I have a table, in a database. There is a column "id" and to each id there are multiple rows.
I want to randomly pick 10 ids and then load all the rows with these ids.
The following is working and gives me a table with 10 random ids. That’s fine.
distinct_ids = spark.sql(f""" (SELECT DISTINCT id FROM {database_name}.{orig_table_cl_name} ORDER BY RAND() LIMIT 10)
But now I am not getting how to do an inner join with the original table to get all the data containing the right ids…
I tried:
distinct_ids = spark.sql(
f""" (SELECT DISTINCT vehicle_id
FROM {database_name}.{orig_table_name}
ORDER BY RAND() LIMIT 10)
AS table
INNER JOIN table
ON {database_name}.{orig_table_name}.id = table.id""")
Giving me following error:
ParseException:
mismatched input 'AS' expecting {<EOF>, ';'}(line 1, pos 99)
== SQL ==
(SELECT DISTINCT vehicle_id FROM pnds12v_dev_core.t_cycle_log_car_v2_0 ORDER BY RAND() LIMIT 10) AS table
I tried a bunch of other orders of the arguments but figured I am missing the general understanding of how this works… and since I thought there are no semicolons when using spark.sql the error message does not give me any hints.

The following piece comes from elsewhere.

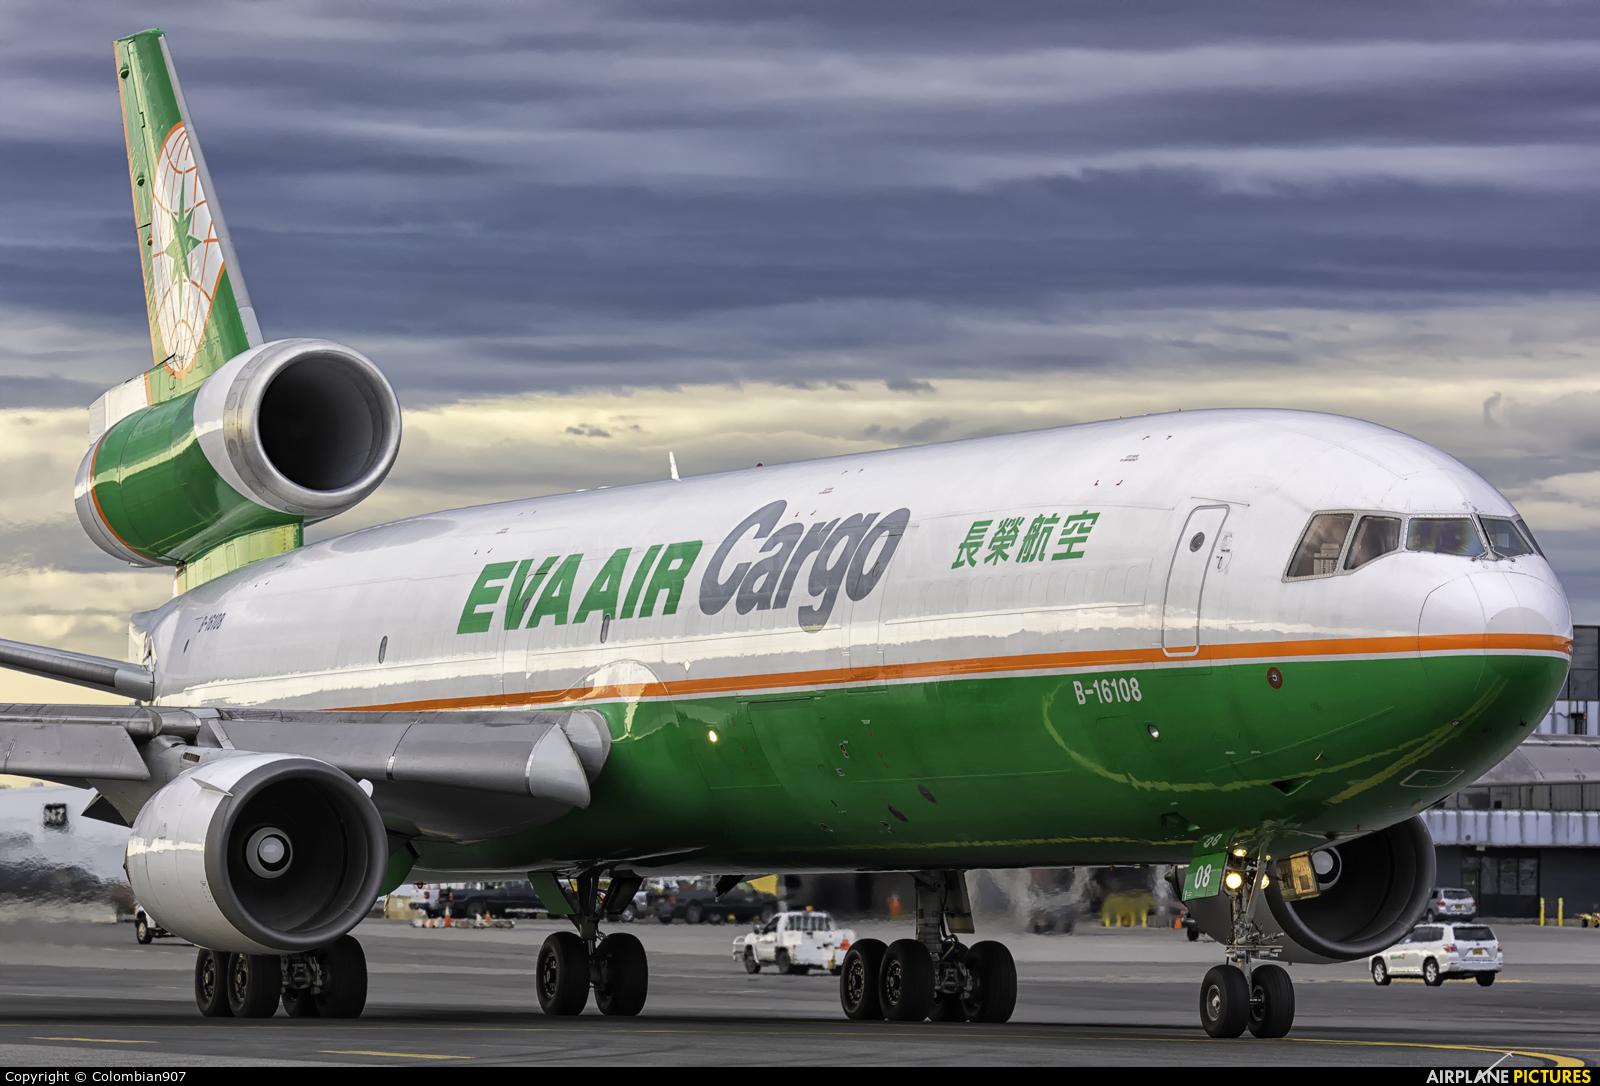 EVA Air Cargo B-16108 aircraft at Anchorage - Ted Stevens Intl / Kulis Air National Guard Base

Can someone explain to me how to do such a query?
>Solution :
Use common table expression (CTE) to define a temporary result set.
distinct_ids = spark.sql(
f"""with table as
(SELECT DISTINCT vehicle_id as id
FROM {database_name}.{orig_table_name}
ORDER BY RAND() LIMIT 10)
select * from table INNER JOIN {database_name}.{orig_table_name}
ON {database_name}.{orig_table_name}.id = table.id""")